Элевайз постаралась успокоить девушку:

– Все это естественно в таких обстоятельствах.

Калиста устремила на аббатису благодарный взгляд.

– Я знала, что вы поймете. Но теперь все изменилось. Она больше не зовет меня. Она счастлива. Она поступила так, как хотела, и теперь ушла от меня. – Это было сказано без всякой жалости к себе. – И это значит, аббатиса, – о, это так чудесно! – это значит, я снова могу быть собой. И я готова.

Мысленно Элевайз повторила про себя эту маленькую речь, произнесенную в спешке, на одном дыхании. Готова. Означает ли это, что она готова принять обеты? Аббатиса подняла глаза на сияющее, необычайно красивое лицо, ставшее еще прекраснее, когда исчезли беспокойство и неопределенность.

«Да, ты готова, – подумала Элевайз. – Готова с Божьей помощью стать очень хорошей монахиней».

Она встала, обошла стол, чтобы оказаться рядом с Калистой, которая, ясно понимая важность момента, опустилась на колени.

Удерживая протянутые руки Элевайз, она склонила над ними голову.
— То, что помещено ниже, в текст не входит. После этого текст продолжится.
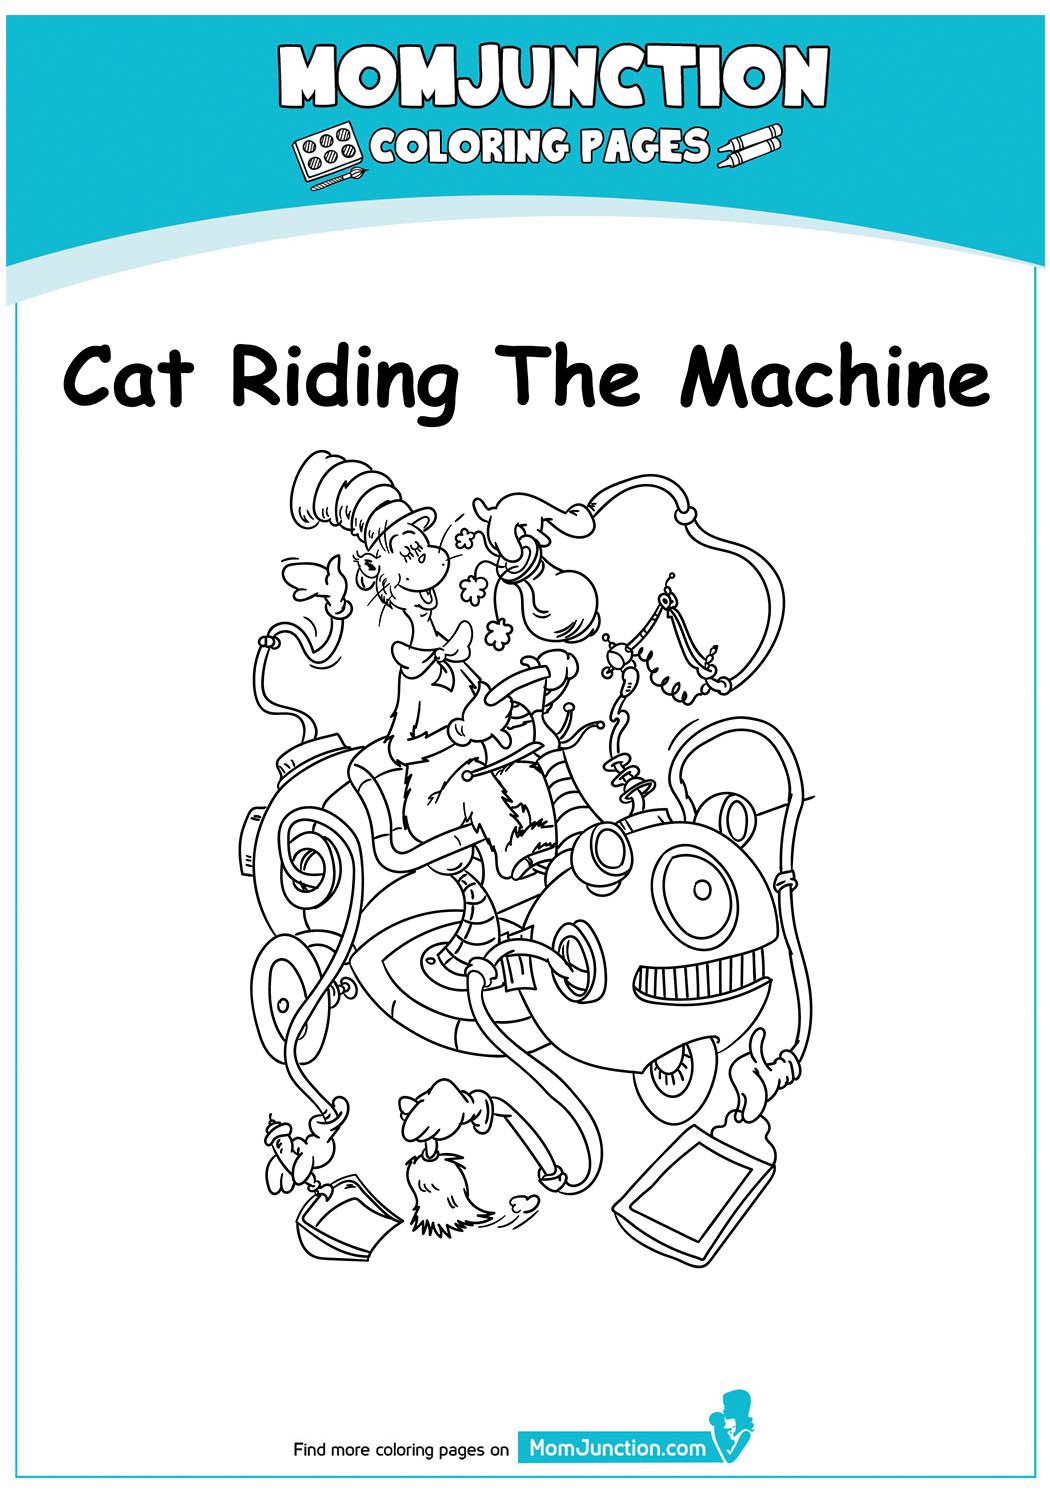 Cat-Riding-The-Machine-17

Аббатиса услышала, как девушка очень тихо сказала:

– Благодарю вас.

– Это мне или, скорее, общине Хокенли следует благодарить вас, сестра Калиста, – ответила Элевайз. – Мы уже оценили ваш талант ухаживать за больными. Вас любят пациенты, и уважение к вам растет день ото дня среди монахинь, особенно тех, кто также работает в больничном покое. Теперь мы можем быть уверены, что, начиная с сегодняшнего дня и впредь, вы будете с нами как одна из принявших постриг монахинь. – Элевайз помогла сестре Калисте встать на ноги и, поддавшись порыву, наклонилась и поцеловала девушку в щеку.

– О! – воскликнула Калиста. Искренняя, радостная улыбка осветила ее лицо, и она спросила: – Аббатиса, могу я пойти и рассказать новость сестре Евфимии?

Элевайз ответила:

– Конечно. – И, отдавая себе отчет, что вторит благословению Наставницы, добавила: – Иди с миром.

* * *

Жосс, насытившись превосходной едой сестры Базилии, отправился к монахам в долине и попросил брата Савла найти ему какое-нибудь спокойное местечко. Брат Савл взглянул на рыцаря с сочувствием и не заставил просить себя дважды.
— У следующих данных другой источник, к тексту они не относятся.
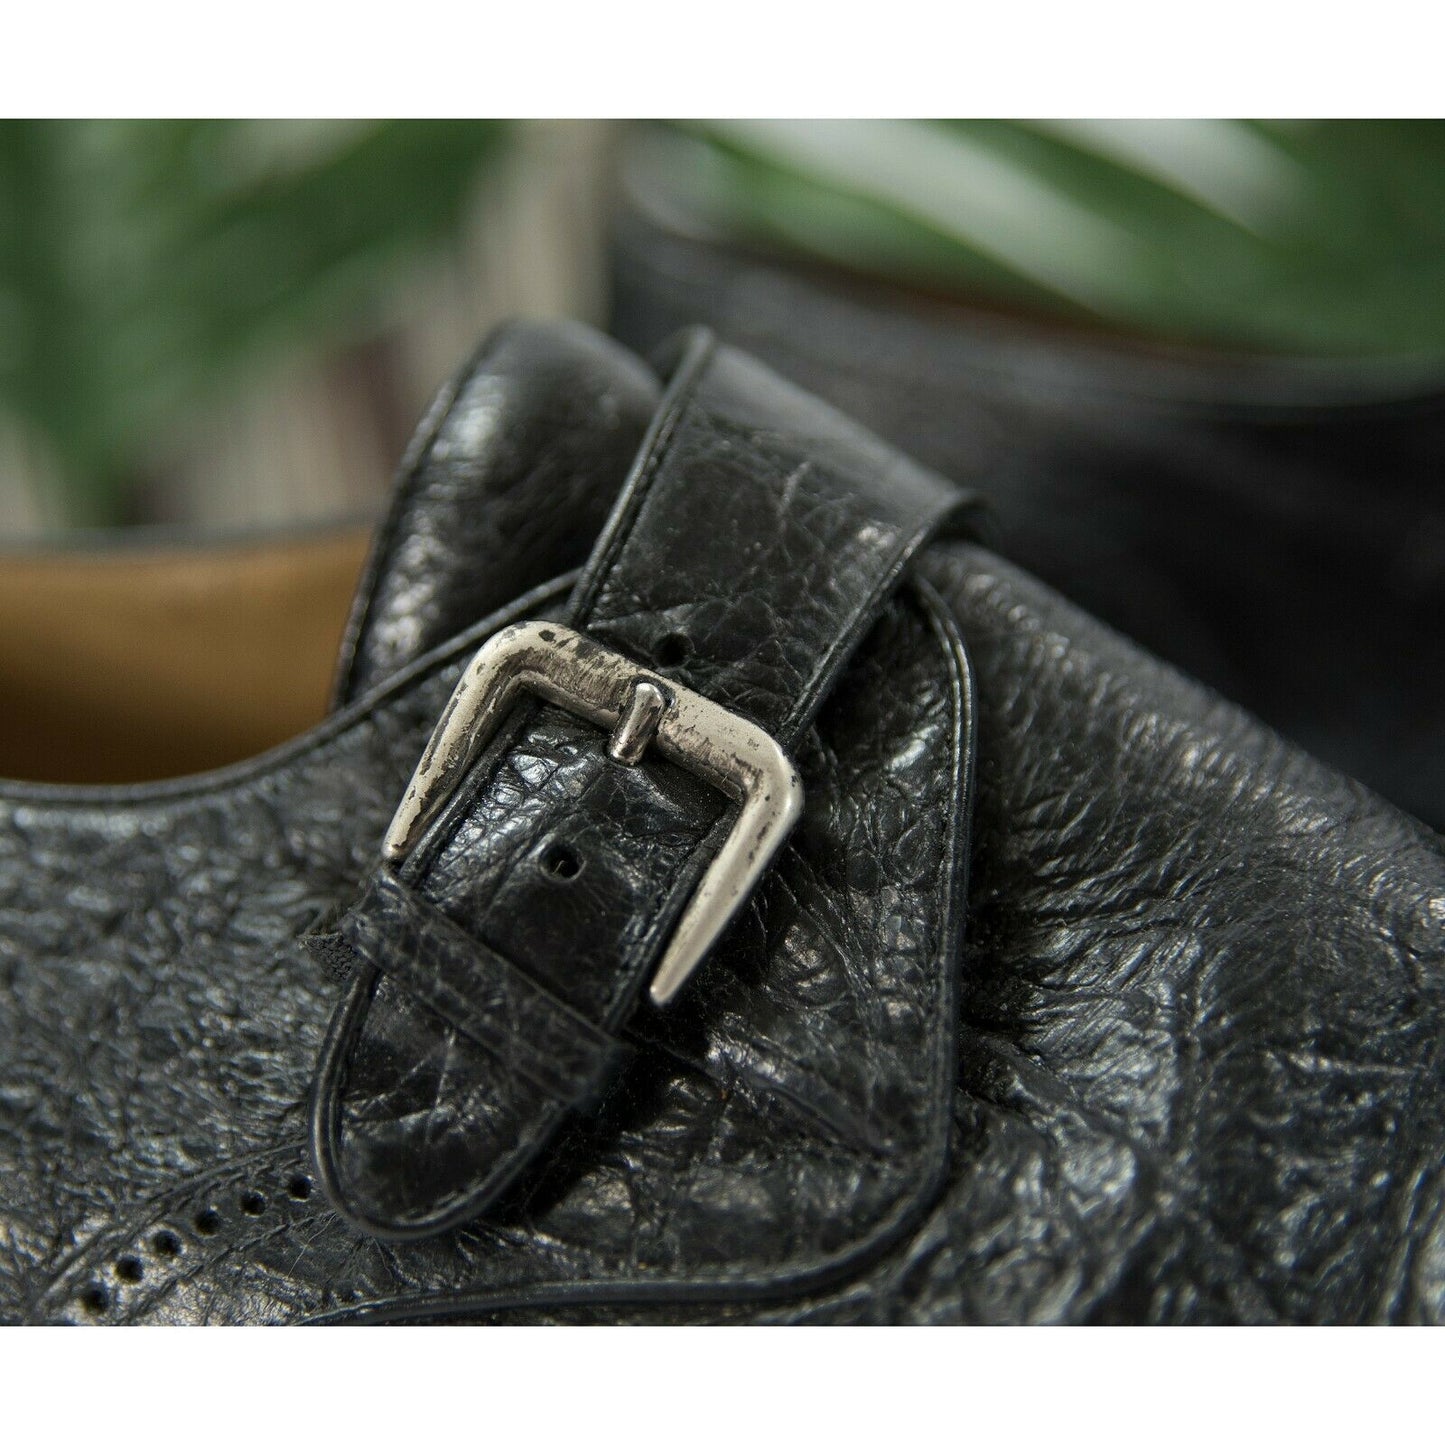 Moreschi Monk Strap Black Leather Oxford Loafer Shoes Size 14

Когда Жосс устраивался в тени позади дома пилигримов, Савл сказал:

– Я прослежу, чтобы вас не беспокоили, сэр Жосс.

– Спасибо, Савл.

* * *

Его разбудил не брат Савл, а топот ног.

Открыв глаза, Жосс увидел брата Майкла, с трудом ковылявшего по тропинке от аббатства. Его одеяние развевалось, он размахивал руками. Жосс, моментально проснувшись, вскочил и поспешил ему навстречу.
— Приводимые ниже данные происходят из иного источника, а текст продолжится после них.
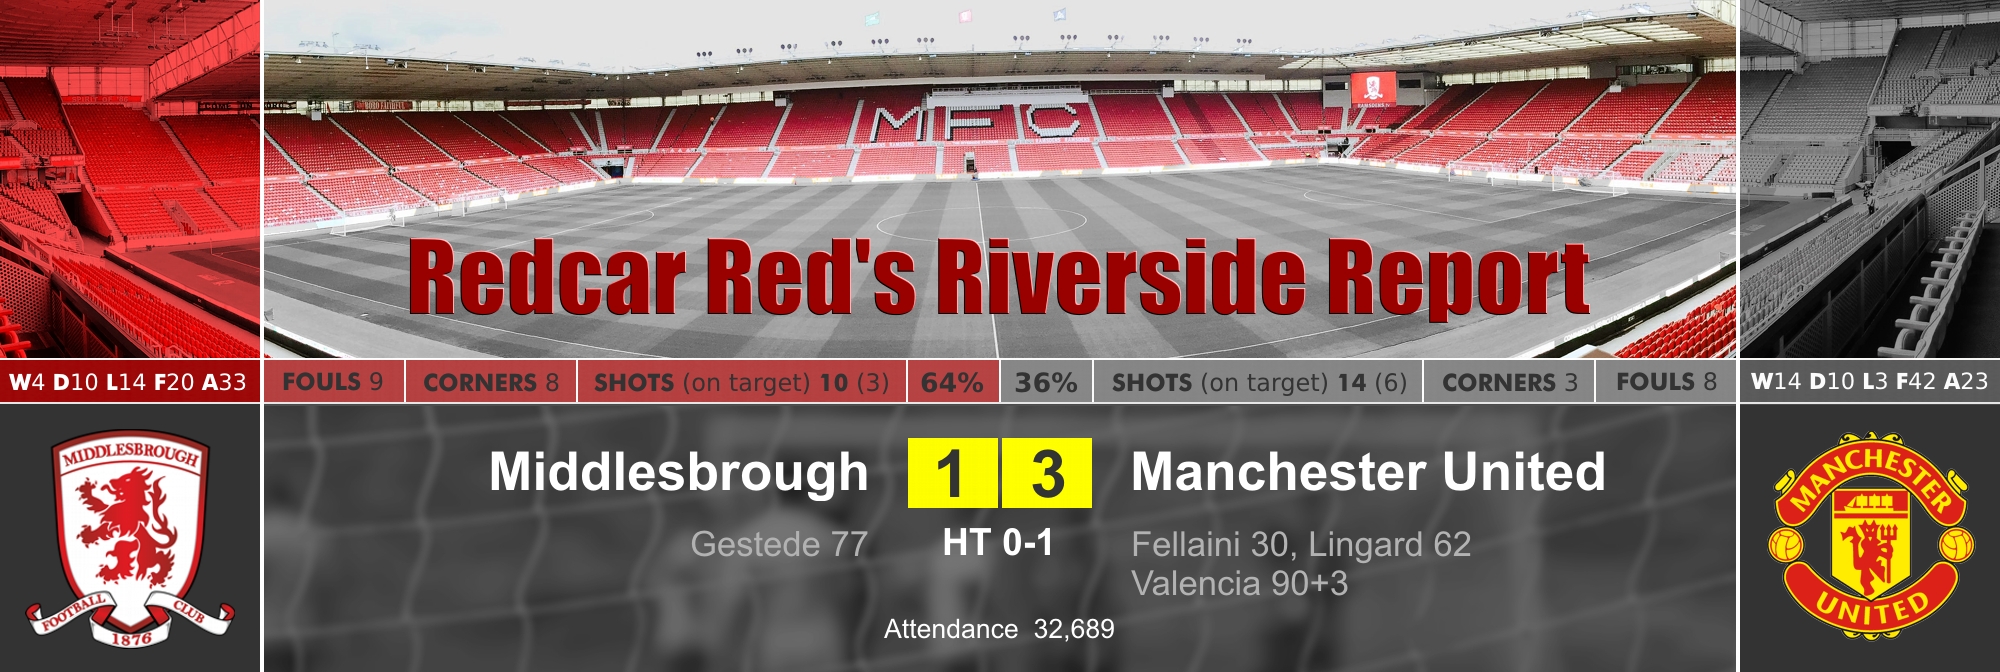 Redcar Red Report - Man Utd

– Откуда вы знаете, – запыхавшись, спросил брат Майкл, – что я иду к вам?

– Предчувствие, – ответил Жосс. – Что случилось, брат Майкл?

– Я был наверху, в аббатстве, – ответил монах, – хотел взять там немного мази для одного из пилигримов, пришедшего за водой, – он два дня нес больного ребенка и надорвал спину. Это очень болезненно, да, это заставляет его ходить, перекосившись, и я подумал, что мог бы…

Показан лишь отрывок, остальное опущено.